In 1954, Ikeuchi joined Shintoho after their advertising staff noticed her working at Mitsukoshi, and she made her film debut in the 1955 film Kōtaishi no Hanayome. In 1956, she made her first starring role in Niizuma Kagami and was awarded the Japan Film Producers Association Newcomer Award. She subsequently appeared in the Shachō series, the Ekimae series, Super Giant (1957), and The Ghost of Yotsuya (1959). She married actor Shin'ichi Yanagisawa in 1956, but the next year they divorced and she temporarily left the film industry.

In 1960, she returned from her hiatus due to encouragement from her Shintoho peers, appearing in Hanayome Kyūketsuma. Shintoho's president Mitsugu Ōgura was reported to have subjected her to mistreatment after her comeback, a fact denied by others. She later appeared in the films Kaei (1961), Mr. Giants: Shōri no Hata (1964; Ikeuchi was a fan of the Yomiuri Giants), Beast Alley (1965), Illusion of Blood (1965), Kutsukake Tokijirō: Yukyo Ippiki (1966), Tora-san's Love Call (1971), Michi (1986), and Niji no Hashi (1993).
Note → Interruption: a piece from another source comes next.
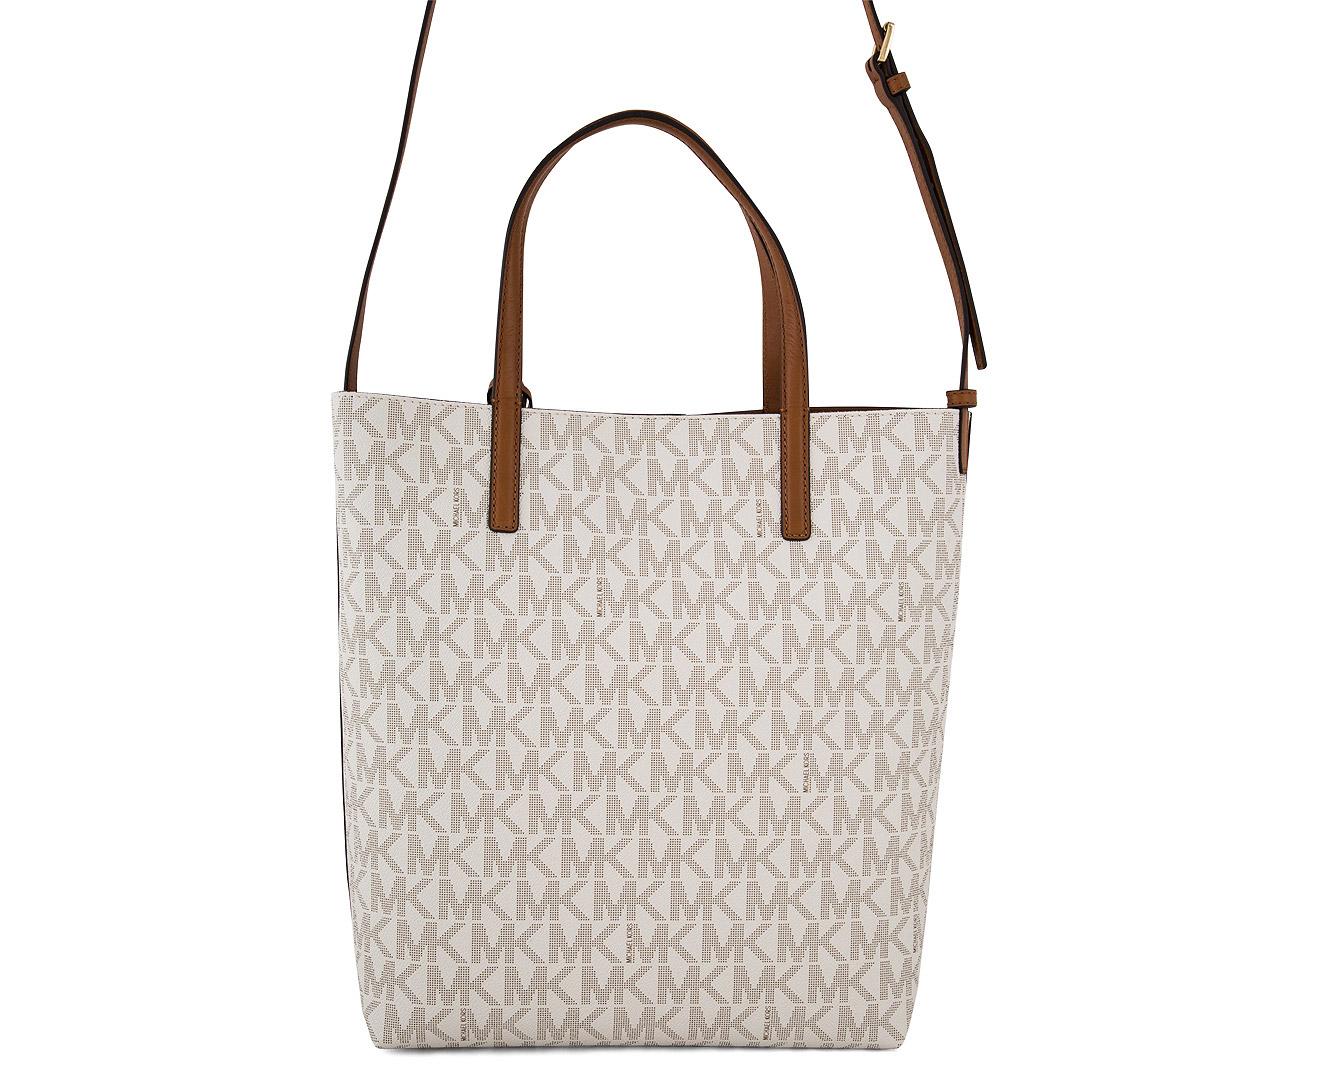 0e9af0833ab6 Michael Kors Hayley Large Logo North-South Tote Bag - Vanilla Acorn ...

In 1961, she moved to Tokyo Eiga after Shintoho closed, before becoming freelance in 1970. In 1962, she was awarded the Television and Radio Writers' Association of Japan Actress Award.
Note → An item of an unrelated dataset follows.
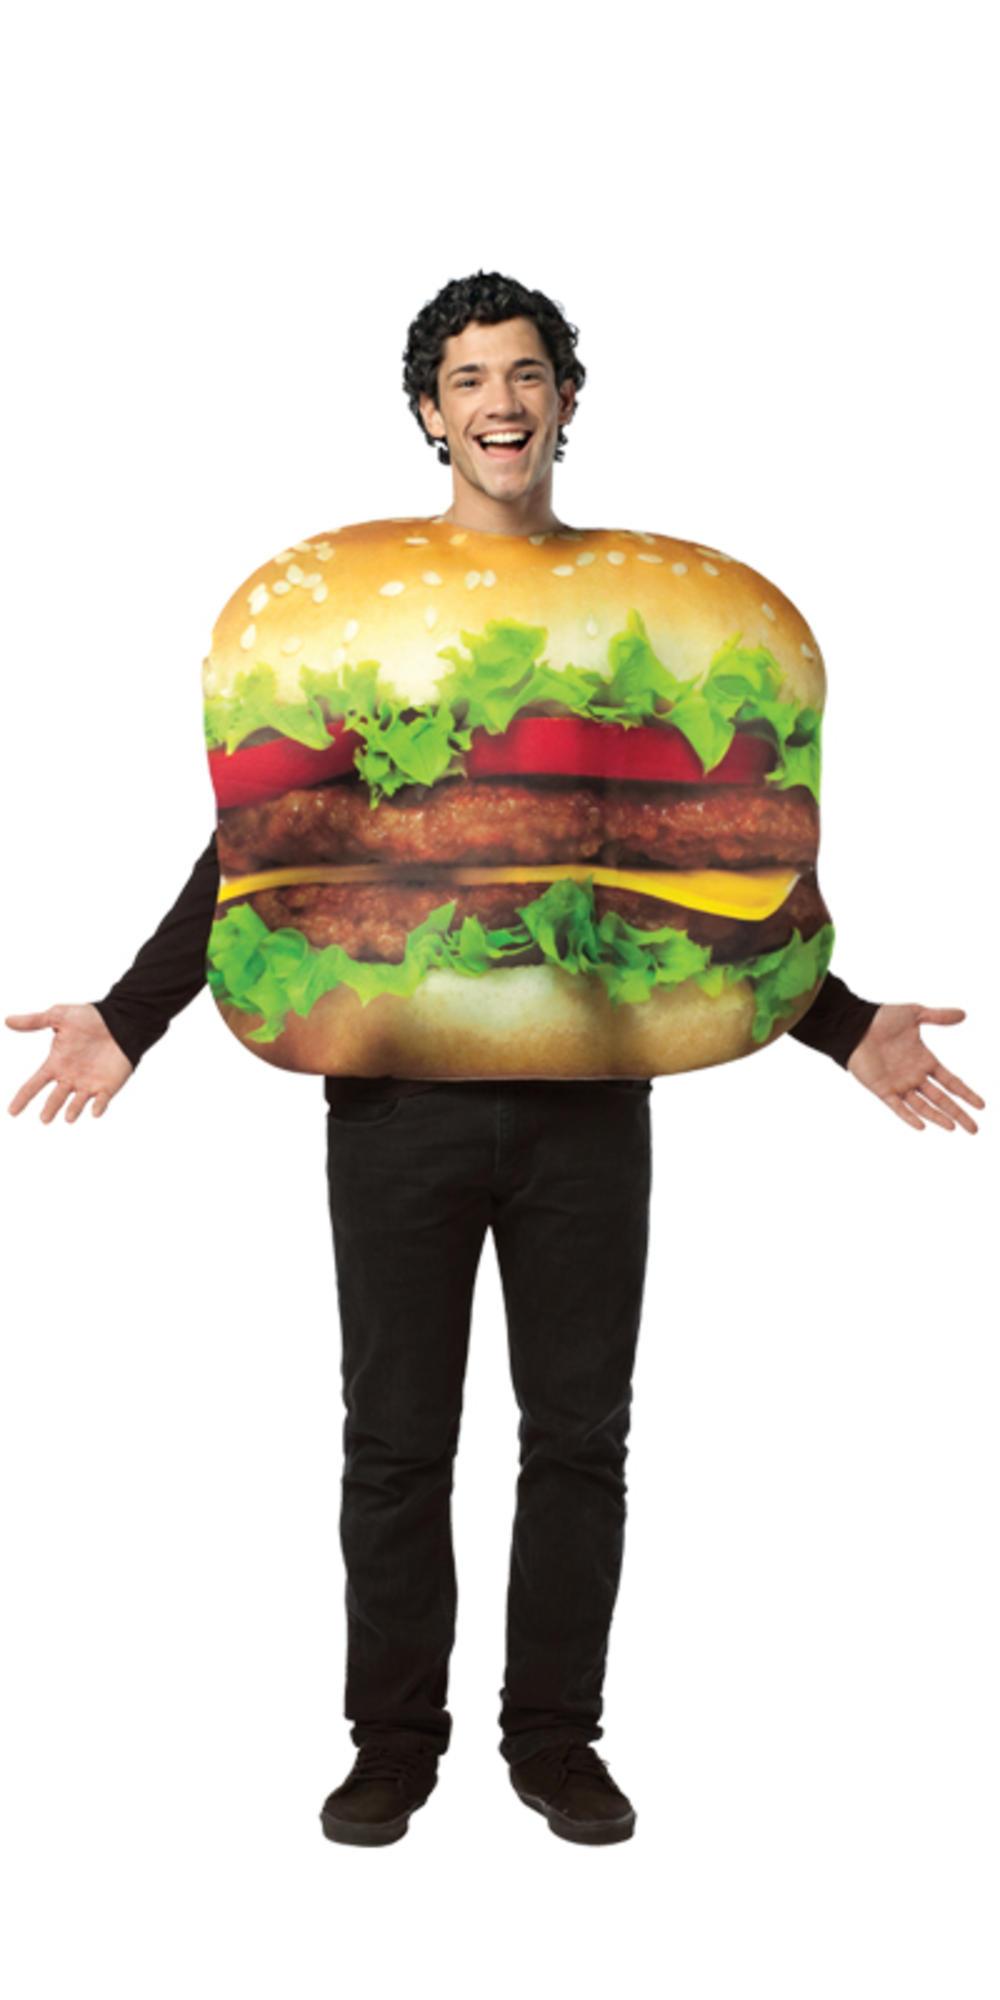 Get Real Cheeseburger Costume

In addition to her film appearances, she starred in TV dramas such as Nemuri Kyōshirō: Burai-hikae, Kyou wo Ikiru, Nichinichi no Haishin, Tsukushi Dare no Ko, Hirari, Ten Urara, Toshiie to Matsu, and Shiroi Kyotō. She was known as the "Queen of TV Dramas" from the 1960s to the 1980s, and she was nicknamed the "20% Actress" after the high ratings of her appearances wearing kimonos in the 1965 drama A Woman and the Beancurd Soup. In 1966, she visited Argentina to attend the 8th Mar del Plata Film Festival. She attended Shintoho president Mitsugu Ōgura's funeral after he died in 1978.

In 1969, she began starring in theatrical productions, including The Doctor's Wife, Hatsutsubomi, On'na-tachi no Chūshingura, and Sanbaba. She won the Kikuta Kazuo Theater Prize twice: in 1982 and 2000. In 2007, she was awarded the Yomiuri Theater Award for Best Actress.

Her Japanese traditional dance teacher was Sumiko Kurishima, through which she acquired the name Mizuki Kōchō (水木紅澄) in 1970.
===Later life and death===
In 1999, she was awarded the Hashida Prize and NHK Broadcasting Culture Award. In 2002, she received the Ministry of Education, Culture, Sports, Science and Technology Art Encouragement Award and Medal with Purple Ribbon. In 2008, she was awarded the Order of the Rising Sun, Gold Rays with Rosette. In November 2009, she attended the ceremony commemorating the twentieth anniversary of the reign of Emperor Akihito as the entertainment field representative.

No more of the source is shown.